The first connection portion 41 is connected to the lower end 201 of the center bar 20 and extends to the dome portion 10 extending to the central roof 20.

The first connection portion 41 is connected to the end portion 201 of the center bar 20 and includes a main body 411 extending straight toward the dome portion 10 and a circular ring portion 412 connected to the main body 411 Respectively.

The ring portion 412 has a donut shape with an empty center.

The second connection part 42 connected to the first connection part 41 also has a circular ring part 422 connected to the main body 421 and the main body 421.

However, since the second connection portion 42 extends in a direction intersecting with the first connection portion 41, the main body 421 of the second connection portion 42 extends in the lateral direction.

The shape of the ring portion 422 is the same as that of the ring portion 412 of the first connection portion 41, and has a toroidal shape with an empty center.

The first connection part 41 and the second connection part 42 may be formed in the same manner as the first connection part 41 and the second connection part 42 are formed in the ring part 412 of the first connection part 41, And are connected to each other through the rings 412 and 422.

As a result of the connecting operation of the first and second connecting portions 41 and 42 through the two rings 412 and 422, the position of the first connecting portion 41 is changed by changing the position of the second connecting portion 42 And the position of the optical fiber and the collimator part 30 located in the center bar 20 can be changed by adjusting the position of the first connection part 41. [

The gear portion 60 includes a first gear 61 and a second gear 61 located at one side end of the main body 421 of the second connection portion 42 (i.e., opposite end of the end portion where the ring portion 412 is located) And a second gear 62 engaged with and engaged with the second gear 62.

At this time, since the number of gears of the first gear 61 is much larger than the number of gears of the second gear 62, the second gear 62 moves along the first gear 61.

The end portion of the second connection portion 42, that is, the end portion of the second connection portion 42, which is located opposite to the annular portion 422, is provided with a connection ring 423 having a hole at the center thereof. Through the connection ring 433, And is rotatably inserted into an angle adjusting shaft 71 protruding in the vertical direction from the surface of the mounting table 70,

As a result, the first gear 61 is rotated around the angle adjusting shaft 71.

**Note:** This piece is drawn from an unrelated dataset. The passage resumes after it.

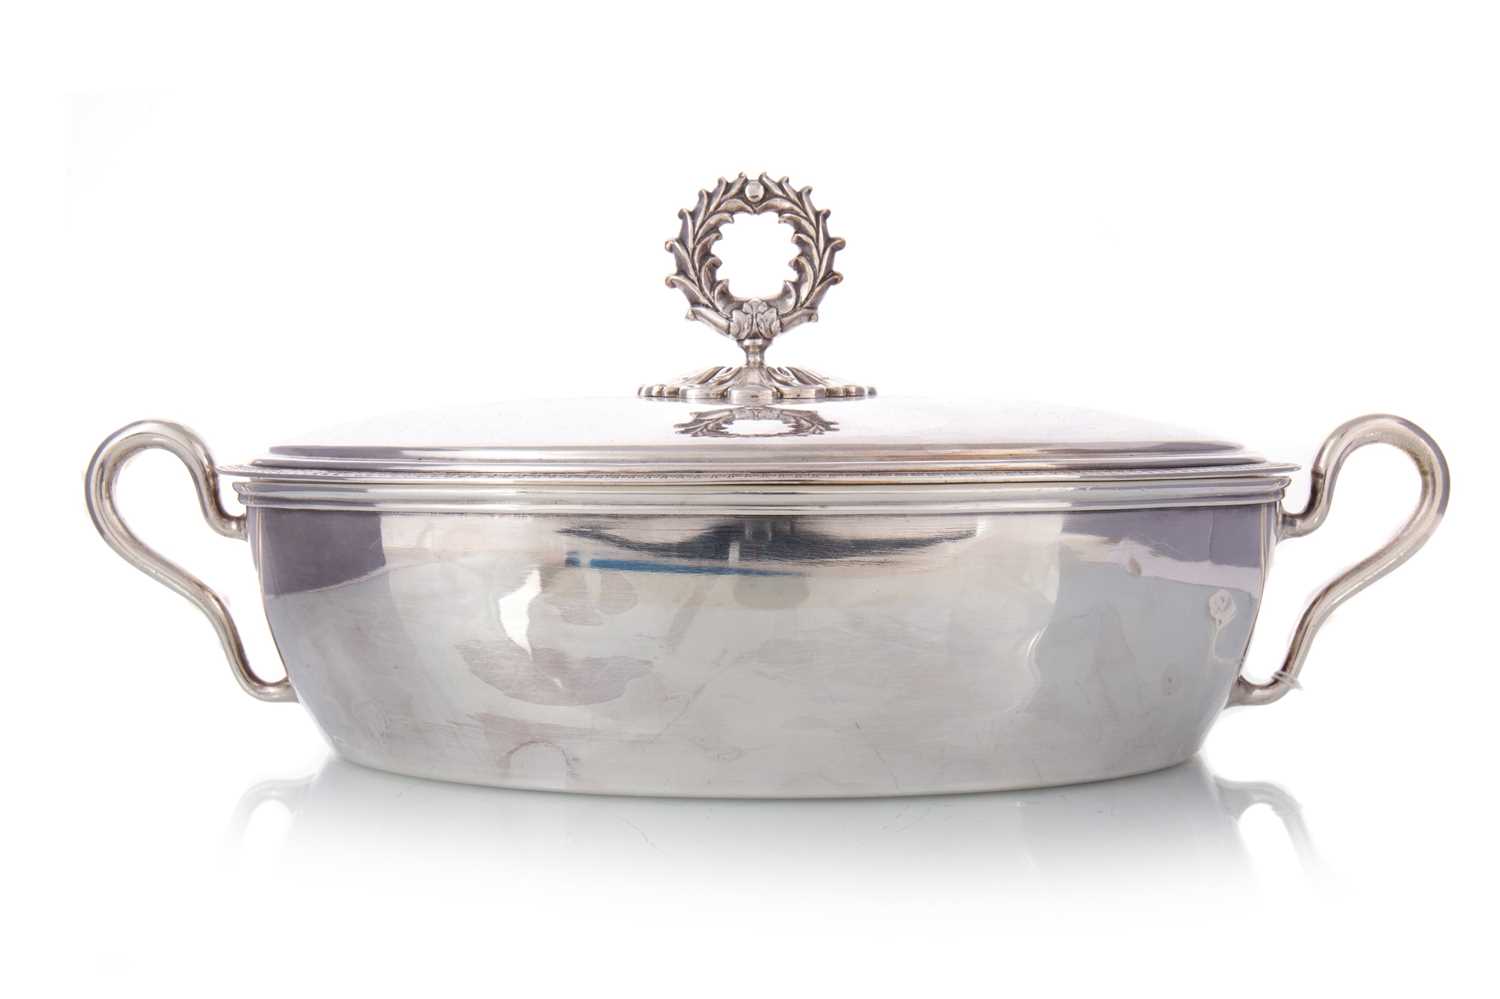 Lot 11 - EARLY 20TH CENTURY FRENCH OVAL SERVING DISH

The first gear 61 includes a first portion 611 and a first portion 611 formed in a semicircular shape between a main body 421 of the second connection portion 42 and a corresponding portion of the connection ring 423, And a second portion 612 located in a semicircular shape between the main body 421 of the second connection portion 42 and the corresponding portion of the connection ring 423 on the opposite side of the second connection portion 422.

The first portion 611 and the second portion 612 formed in the main body 421 are connected to each other so that the second gear 62 is rotated in the second portion 612 in accordance with the operation of the motor 51 1 portion 611 to engage not only the gear formed in the second portion 612 but also all of the gears formed in the first portion 611. [

Therefore, the first gear 61, which rotates in the Y direction in accordance with the rotation direction of the second gear 62 and moves the second connection portion 42 in the Y direction, Direction (Y).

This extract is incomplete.